C4. Identity of supplier
- Contractual terms are a factor
"[58] Under Article 24 of Directive 2006/112, any transaction which does not constitute a supply of goods is a supply of services. In order to determine the proper classification of the transaction at issue, all the circumstances in which that transaction takes place must be taken into account (judgment of 17 January 2013, BGŻ Leasing, C‑224/11, EU:C:2013:15, paragraph 32). In that context, it has been held that the relevant contractual terms constitute a factor to be taken into consideration when the supplier and the recipient in a ‘supply of services’ transaction within the meaning of that directive have to be identified (judgment of 2 May 2019, Budimex, C‑224/18, EU:C:2019:347, paragraph 28 and the case-law cited).
[59] In that regard, it is apparent from the information before the Court that the 2008 agreement, which describes itself as an agreement for the supply of services, and the debit notes at issue referring to the non-conformity and retrofit reports, make it clear that Suzlon Wind Energy Portugal is a service provider and Suzlon Energy India its customer." (Suzlon Wind Energy Portugal C-605/20)
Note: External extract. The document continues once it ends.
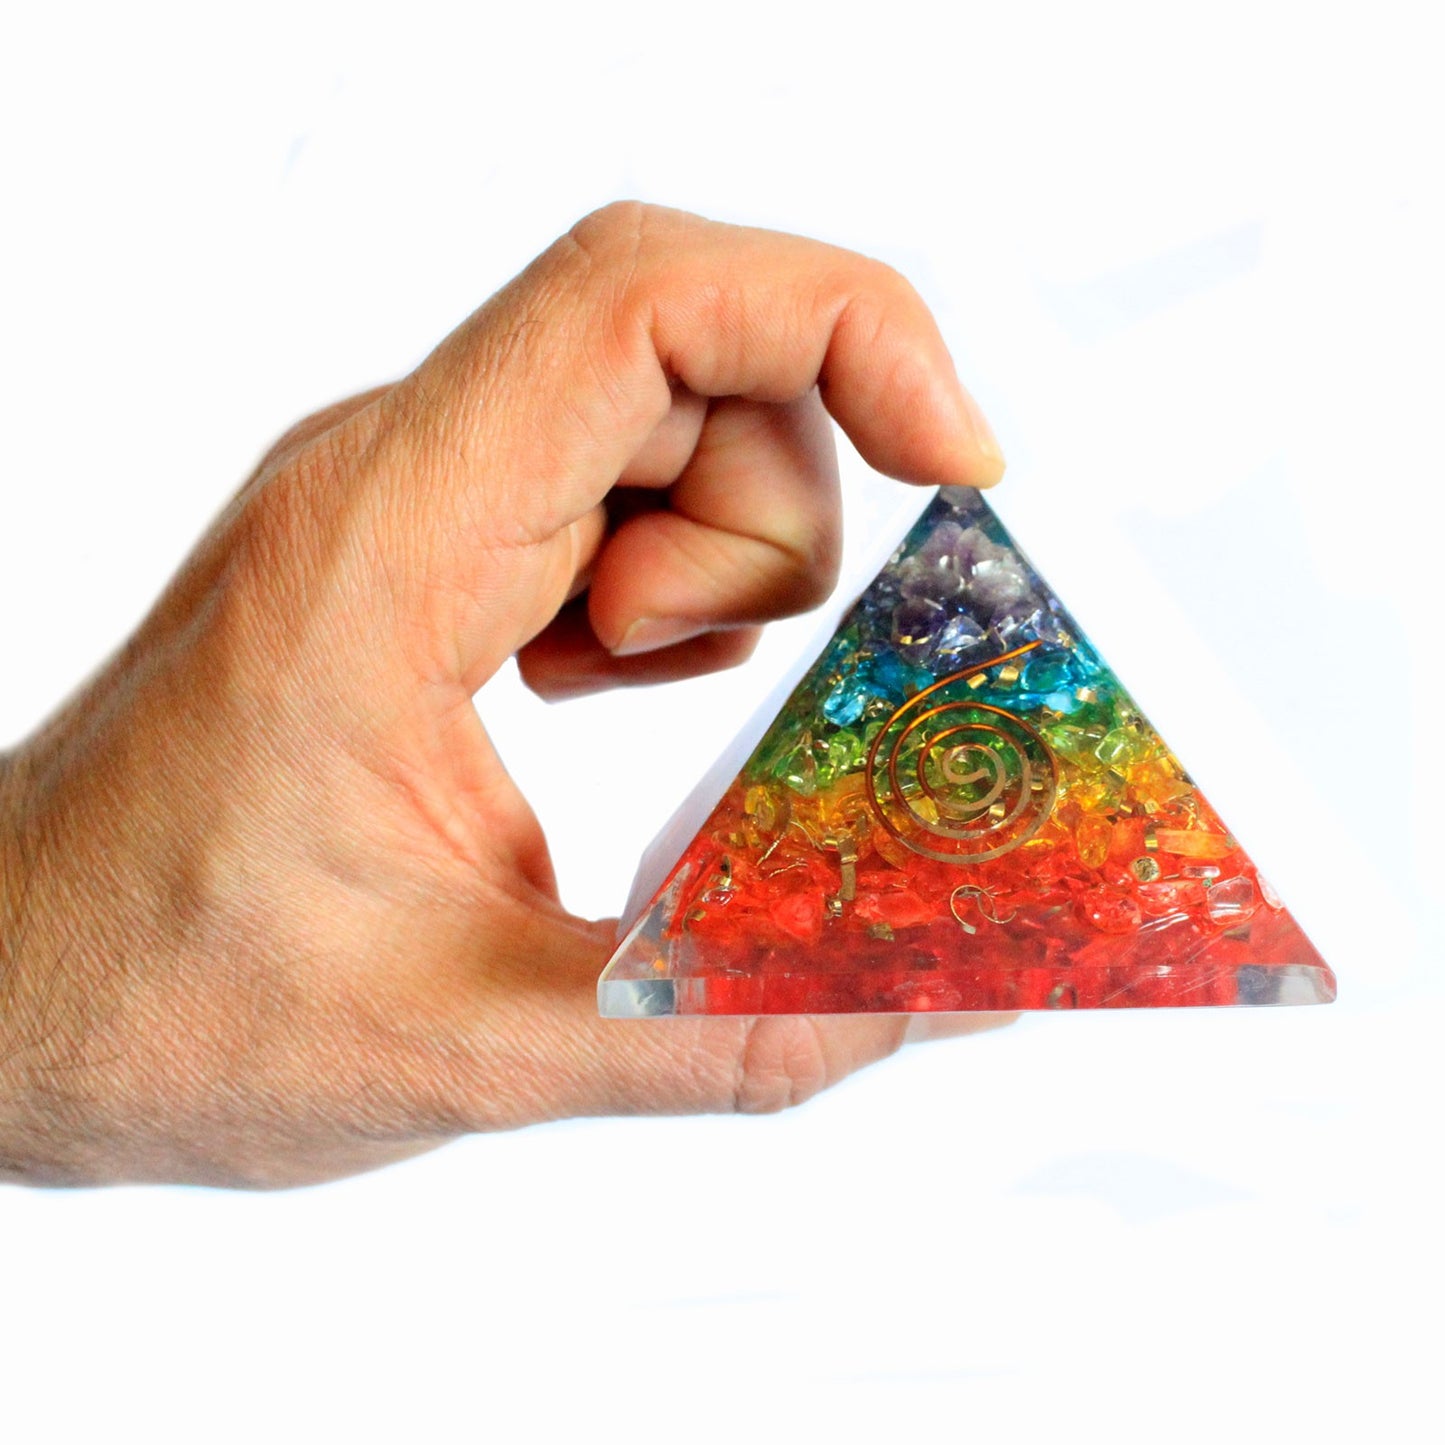 Lrg Orgonite Pyramid 70mm - Chakra Gemchips

- Contract is the most useful starting point, test against reality
"[47] This approach appears to me to reflect the approach of the Supreme Court in the subsequent case of WHA Ltd v Revenue and Customs Comrs [2013] UKSC 24; [2013] STC 943 where at para 27, Lord Reed said that “[t]he contractual position is not conclusive of the taxable supplies being made as between the various participants in these arrangements, but it is the most useful starting point”. He then went on in paras 30 to 38 to analyse the series of transactions, and in para 39, he explained that the tribunal had concluded that “the reality is quite different” from that which the contractual documentation suggested. Effectively, Lord Reed agreed with this, and assessed the VAT consequences by reference to the reality. In other words, as I said in Secret Hotels2 Ltd v Revenue and Customs Comrs [2014] STC 937, para 35, when assessing the VAT consequences of a particular contractual arrangement, the court should, at least normally, characterise the relationships by reference to the contracts and then consider whether that characterisation is vitiated by [any relevant] facts." (Airtours Holidays Transport Limited v. HMRC [2016] UKSC 21)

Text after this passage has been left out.